# Look ma no cast net



## tojo (Dec 12, 2006)

Well, Phishphood and I hit the water at zero dark thirty. I wasn't quite convinced that the jinx was over :. We made a run south in the dark towards a spot that he had scouted out.

I drew first blood with two back to back upper slot reds. Jason came back with two back to back reds of his own. 










I poled us around a point and Jason spotted a cruising red and made a great cast at a distance of about 12 ft. I laughed as the red swam past it. Jason had the last laugh as the red turned around and swallowed the hook.










Jason jumped up on the platform to give me a shot at some laid up singles. It was my turn to make a short distance pitch at a cruising red which was also willing to eat.

We finished the day north of Orange Island where I managed the last red of the day a healthy 26". 

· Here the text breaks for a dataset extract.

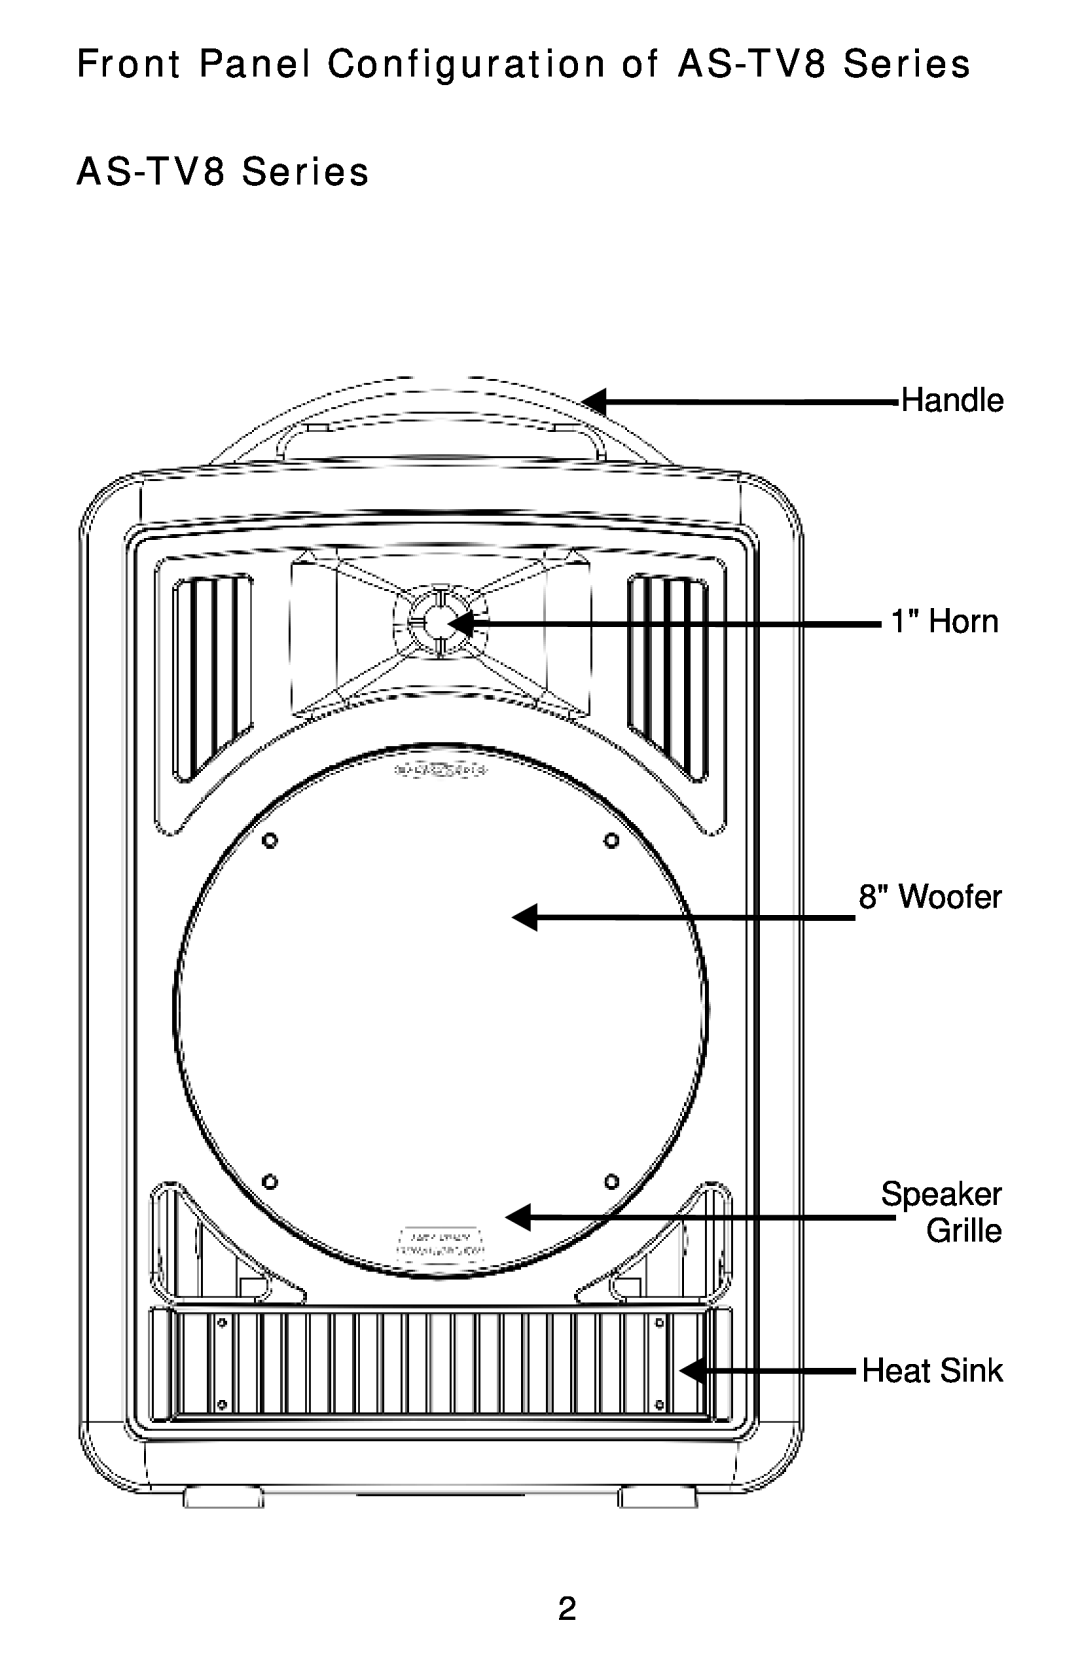 Traveler manual Front Panel Configuration of AS-TV8Series, Handle 1 Horn 8 Woofer Speaker Grille Heat Sink

Hit JB's for drinks and lunch...Good day! Sorry about the crappy pics my camera sucks. Maybe Jasons will be better. Total for the day was seven reds by my count [smiley=1-thumbsup1.gif]

Tony


----------



## St._Sophie_Girl (Dec 13, 2006)

Way to go guys!!! And no mullet???  hmm... There must be a trick to this "fishing" thing...


----------



## phishphood (Dec 15, 2006)

The first 2 are of Tony's twins. Both within 10 minutes of us getting to the spot.
















I get in the act with this guy. Not as big as Tony's, but what can you do?








Followed by this guy. 








And then this guy.








Not to be outdone, Tony nets a rat and then this golden beauty to end the morning. 








Best trip for me in Florida so far. Thanks Tony.


----------



## tojo (Dec 12, 2006)

> Way to go guys!!!  And no mullet???    hmm...  There must be a trick to this "fishing" thing...


Nobody said that no mullet were harmed today [smiley=doh1.gif] Don't worry I wont let you down Madame President 
What happened to the action shots Jason???


----------



## phishphood (Dec 15, 2006)

> > Way to go guys!!!  And no mullet???    hmm...  There must be a trick to this "fishing" thing...
> 
> 
> Nobody said that no mullet were harmed today [smiley=doh1.gif] Don't worry I wont let you down Madame President
> What happened to the action shots Jason???


We're on that don't ask, don't tell policy.
Here's the action shots.
Tony is actually hooked up............................................................with some nice pants.








Here's me needing that ab roller desperately. Does my a$$ make those short look big?








Tony wrestling the big dog.


----------



## Ron_W. (Dec 14, 2006)

Great trip guys [smiley=1-thumbsup3.gif] Hungry fish [smiley=1-thumbsup3.gif] [smiley=1-thumbsup3.gif]


----------



## beavis (Dec 11, 2006)

NIce feeeeshes


----------



## litlblusrn4bigred (Jan 8, 2007)

> NIce feeeeshes



times 2 [smiley=1-beer.gif] [smiley=1-thumbsup1.gif]

very nice job!


----------



## MATT (Apr 30, 2007)

Fun in the morning sun....


----------



## Guest (Jul 13, 2007)

WTG


----------



## JoeWelbourn (Dec 11, 2006)

Nice! So I do not see were you listed what your were using for bait and WHERE you were fishing....HZINT!! : :

Joe


----------



## phishphood (Dec 15, 2006)

Thx guys. Heading back after them in the morning to try and get my wife a red and then Sun. morning with my bro-in-law for his first saltwater trip. Hope I get to post a picture of something other than a skunk. Tight lines guys.

Joe, we were fishing around the east channel of the Goon just south of Eldora and then one of Tony's secret spots up past Orange Island. Don't ask me how we got there. The bait of choice is a prototype bait that Tony has been developing for quite some time. It might get revealed at the next YMCA meeting. Local chapters coming soon all over Florida.


----------



## tom_in_orl (Dec 9, 2006)

Now that is funny

*YMCA*


----------



## phishphood (Dec 15, 2006)

Tom, what's the ETA on your boat? I need to ride in one.


----------



## tom_in_orl (Dec 9, 2006)

Probably 6 weeks. Its a complete guess though.


----------